# St Thomas's Medical School - February/March '15



## MrDan (May 15, 2015)

St Thomas's Hospital Medical School
February/March 2015

Seeing as it's the 10th Anniversary of derelictplaces.co.uk, I decided I'd finally set aside some time to post something new 

Being a Londoner, I couldn't believe it when, back in January, a friend told me about a derelict part of a live hospital in London. Fast forward a couple of weeks and we went to take a look one evening, finding no obvious way in. Another week later, we returned and we were pleasantly surprised with what we found! I went back for another visit a couple of weeks later with another friend who doesn't normally explore.
Asbestos warnings are everywhere, and on our first visit we heard security come in to the building with an asbestos surveyor, we hid behind a door for 10 minutes for them to move to another part of the building and we quickly finished off the remainder of that area and left.

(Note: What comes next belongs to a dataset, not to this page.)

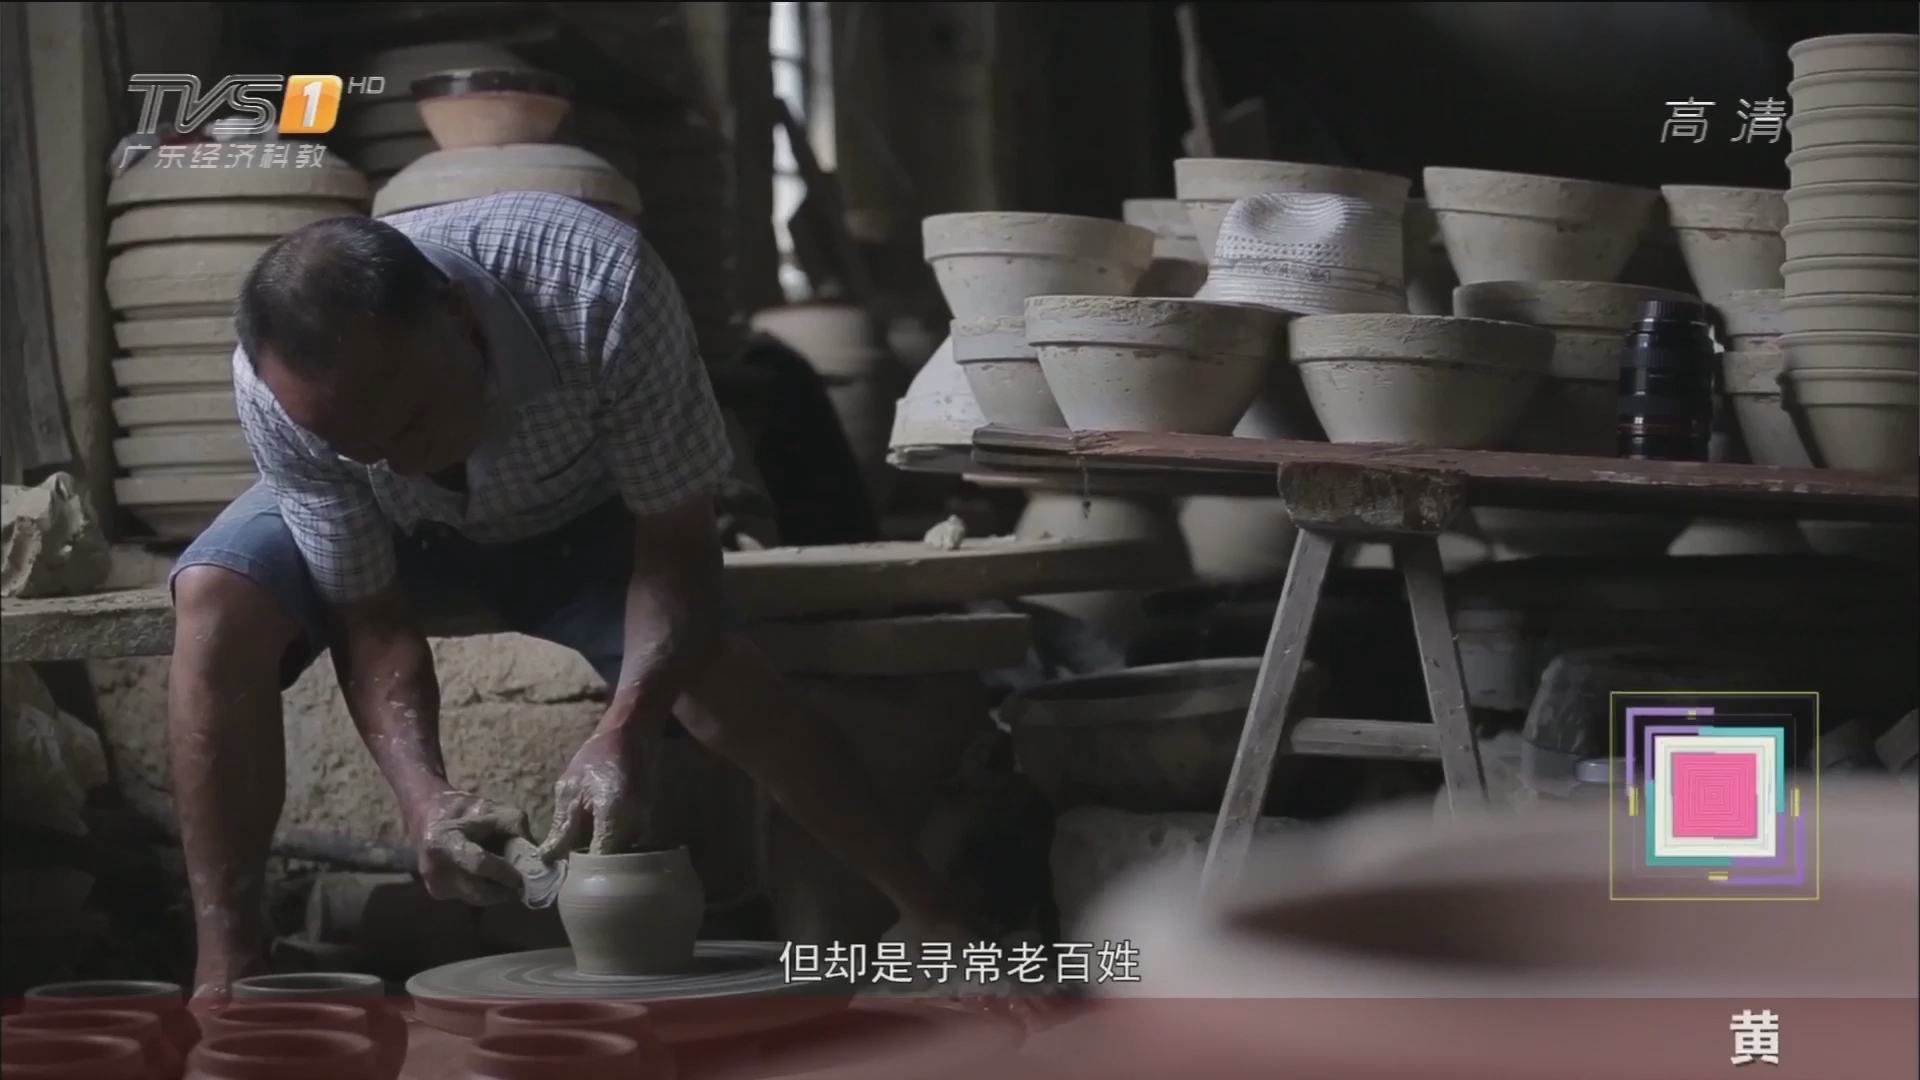 桂东——土陶作坊

This building is part of the St Thomas's Hospital Medical School, the derelict part seems to be in 2 seperate states of decay, although I am not sure when each part closed, it is almost certain that this part was not needed after a merger of medical schools. 

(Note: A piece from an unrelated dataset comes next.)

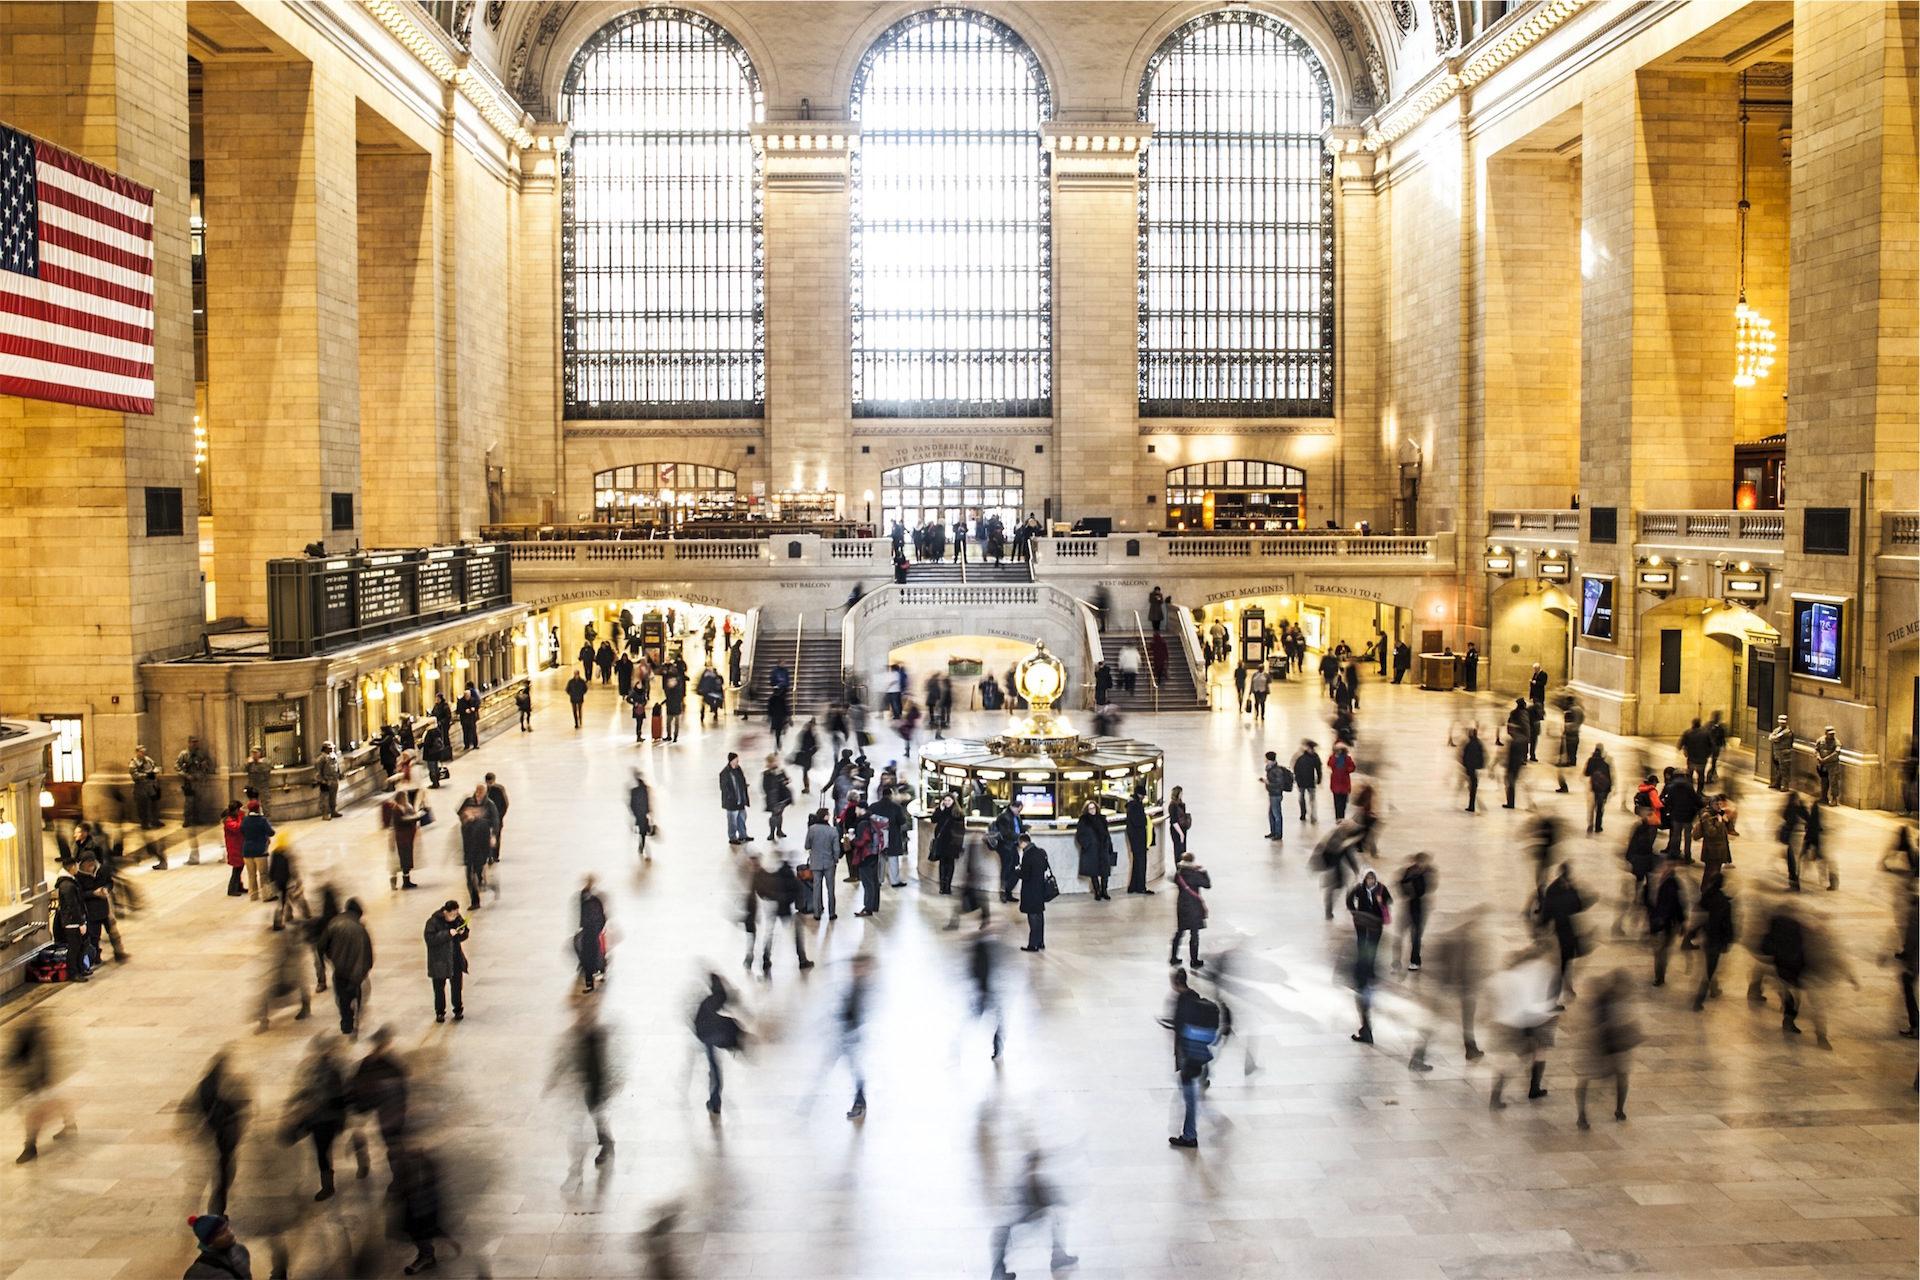 Estação, Metrô, pessoas, viajantes, Estados Unidos - Papéis de parede HD - Professor-falken.com

I have limited my post to 20 photos, there is an awful lot to see here, including animal testing cages, laboratories, lecture halls, human/rat and other animal organ samples, peely paint, staircases, rooftop views from the tower and general hospital derp porn.

The approach







































































Human? bone marrow





Human thymus
Inside the packets, they were small pieces encased in wax.
The thymus is a gland that makes up the immune system, it is only used up until puberty and it is then gradually replaced by fat. It plays a great role in protecting your body from autoimmunity.
Fun fact: Calf/Lamb thymus is eaten as a dish called Throat Sweetbread





More human thymus, and bladder wall










We made our way up ladders in the pitch black to get to the top of the tower


----------



## HughieD (May 15, 2015)

As always Mr Dan..top notch stuff,


----------



## perjury saint (May 15, 2015)

*DAMN!!! Best pics ive seen of the place... NICE!! *


----------



## DirtyJigsaw (May 16, 2015)

Fantastic MrDan  Shame I couldn't make it when you went. Nice write up too


----------



## flyboys90 (May 16, 2015)

Cracking report and images.


----------



## LittleOz (May 16, 2015)

Looks real good that Dan, lots more to see than I expected.


----------



## krela (May 16, 2015)

Thanks Dan, made me smile to finally see this on here.


----------



## staticnomad (May 16, 2015)

What a superb place!


----------



## trainman (May 16, 2015)

really great pictures


----------



## The Wombat (May 16, 2015)

Dam fine shots Mr Dan!
Bet this was a challenging site, but it looks very worth it


----------



## Conrad (May 16, 2015)

It's insane that something like that exits not only in a live hospital but also in such a central location. Nice to see, well captured aswell.


----------



## Nellypurple (May 18, 2015)

Wow my first job when I left school was in that place. I loved animals and I thought an 'animal technician' was going to be my dream job. I was looking after the breeding program for animal experimentation!


----------



## UrbanX (May 18, 2015)

Wow!! Hat's off to ya, this has to be one of the top posts this year. Stunning location, and stunning photos. 
Thanks for sharing


----------



## MrDan (May 18, 2015)

Krela, what do you mean? 



Nellypurple said:


> Wow my first job when I left school was in that place. I loved animals and I thought an 'animal technician' was going to be my dream job. I was looking after the breeding program for animal experimentation!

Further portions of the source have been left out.